My group is currently active in the study of electronic properties of material systems. Many of the physically interesting new materials exhibit exotic emergent behavior due to highly correlated electronic interactions. Such materials promise revolutionary technological leaps in conventional and quantum computing, optical detectors and emitters, electronics, optical circuitry, energy and data storage, sensors, and metrology. Optical measurements probe materials at non-zero energy scales that correspond to interaction and gap energies. Signatures of electron interactions can manifest in the optical response allowing their discovery and characterization. Photons are also used to create electronic excitations in the development and characterization of novel optical emitters and detectors.
The laboratory is a state-of-the-art facility with capabilities that encompass the microwave through the ultra-violet spectral regions. The workhorses of the laboratory are an optically accessible 9T magnet, far-infrared and infrared lasers, a continuous-scan Fourier-transform spectrometer, several grating spectrometers, a full array of detectors and optical components, multiple cryostats, and a laboratory wide helium recovery and liquefaction system. Over the last 15 years, we have exploited low-frequency magneto-optical measurements in the THz and near-infrared spectral regions, pioneering a polarization modulation technique that uses a heterodyne detection scheme. These tools have permitted ground-breaking work in the study of multiferroics and electro-magnons, metamaterials, topological insulators, graphene, and high-Tc cuprate superconductors.
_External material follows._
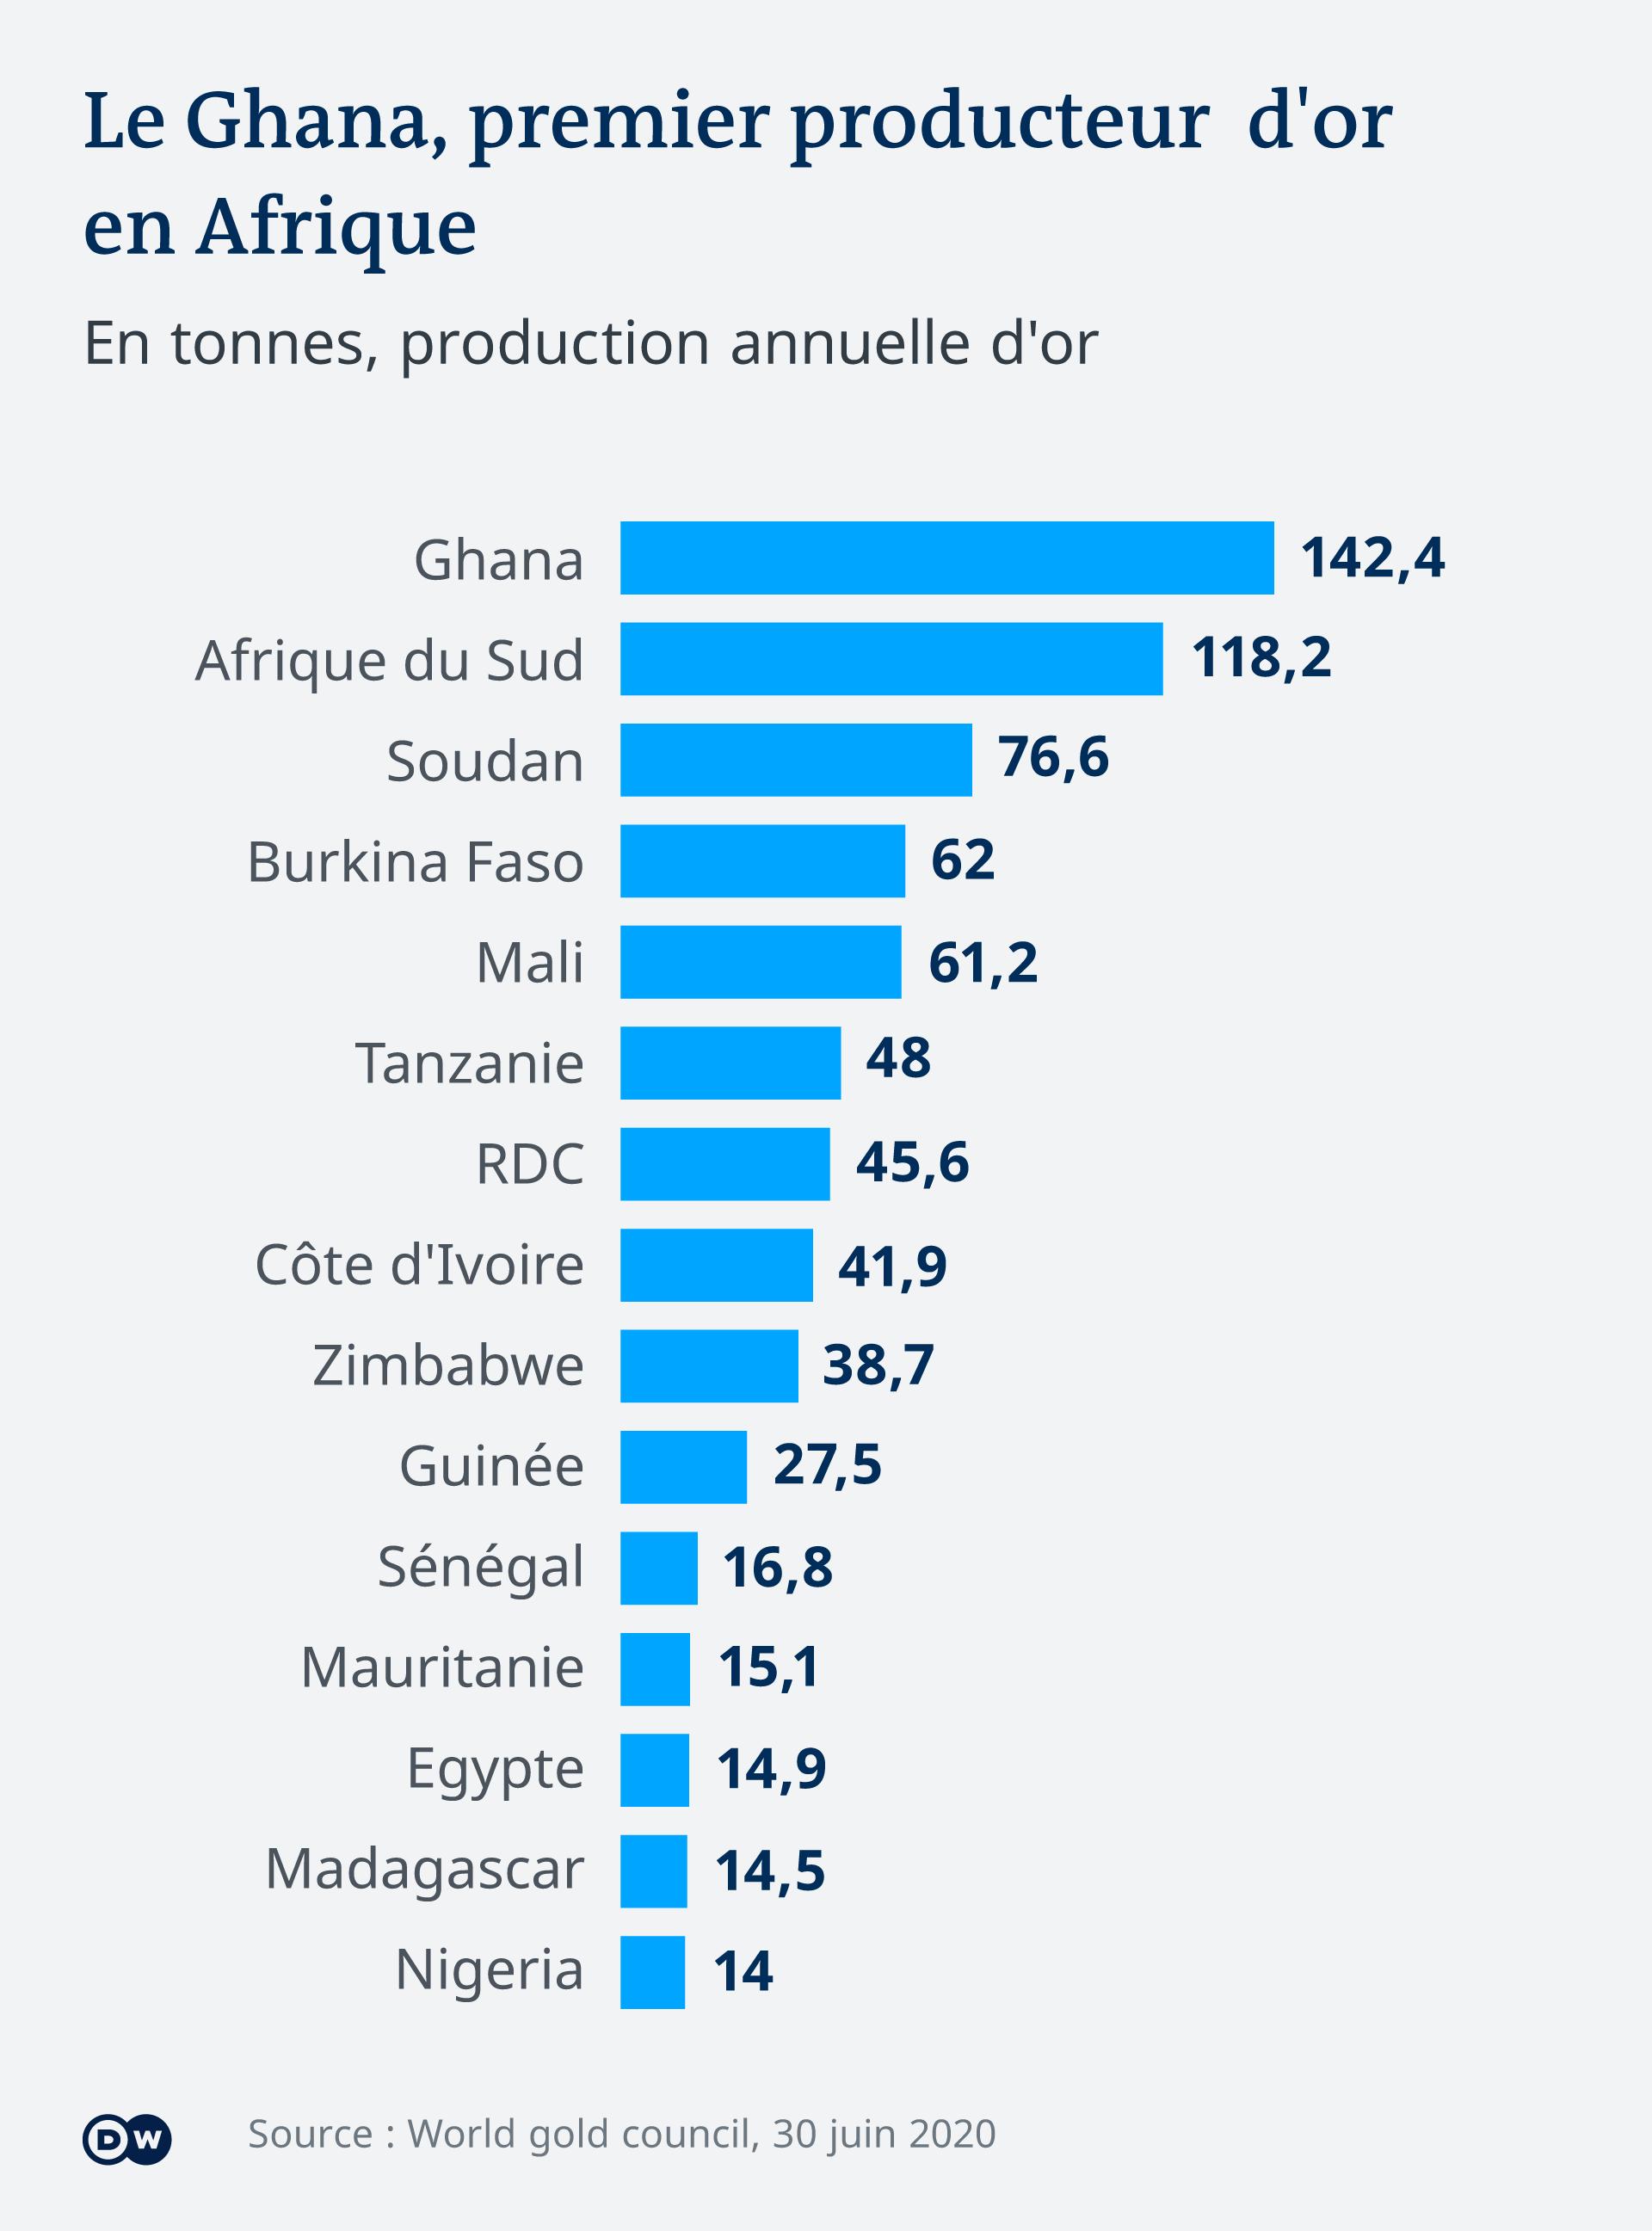 Le cas particulier de la RDC, septième producteur d'or en Afrique.

Recent seminal work has sprung from the development of a novel magneto-optical experimental technique in the IR spectral region that measures the complex Faraday/Kerr angle with unprecedented sensitivity.[1–3] Measurements give direct access to the full frequency dependent magneto-conductivity tensor over a spectral region corresponding to many important fundamental energy scales in condensed matter systems. In addition, Faraday measurements offer a direct probe of broken time reversal ground states of materials systems.
IR magneto-optical measurements give unique insights into strong correlation physics since interaction effects enter into σxy and σxx differently.[4–6] The magneto-optical response functions obey new sum rules[7] permitting a more global view of the effects of the interactions on the electronic structure of materials.[4,8] The technique has taken on new importance in the dawning age of intense THz light sources and new graphene-based THz detectors,[9–11] and has been incorporated into multiple magneto-optical laboratories.
In the high Tc cuprates, our magneto-optical measurements have led to several important findings: observation of the first transport evidence for small Fermi pockets in underdoped cuprates,[12] demonstration that inelastic scattering enters into the Hall conductivity differently than the longitudinal conductivity,[4,13,14] refuting of the spin - charge separation scenario for the anomalous behavior of the DC Hall Effect in cuprates, [4,13,14] observation of Fermi surface reconstruction from spin density wave gap effects in n-type cuprates, [8,15] and providing strong evidence that the famous anomalous behavior of the Hall effect over a broad range of the cuprate phase diagram is caused by inelastic scattering effects from antiferromagnetic fluctuations which is well described by Fermi-liquid transport theory that include appropriate current vertex corrections.[5,6,15]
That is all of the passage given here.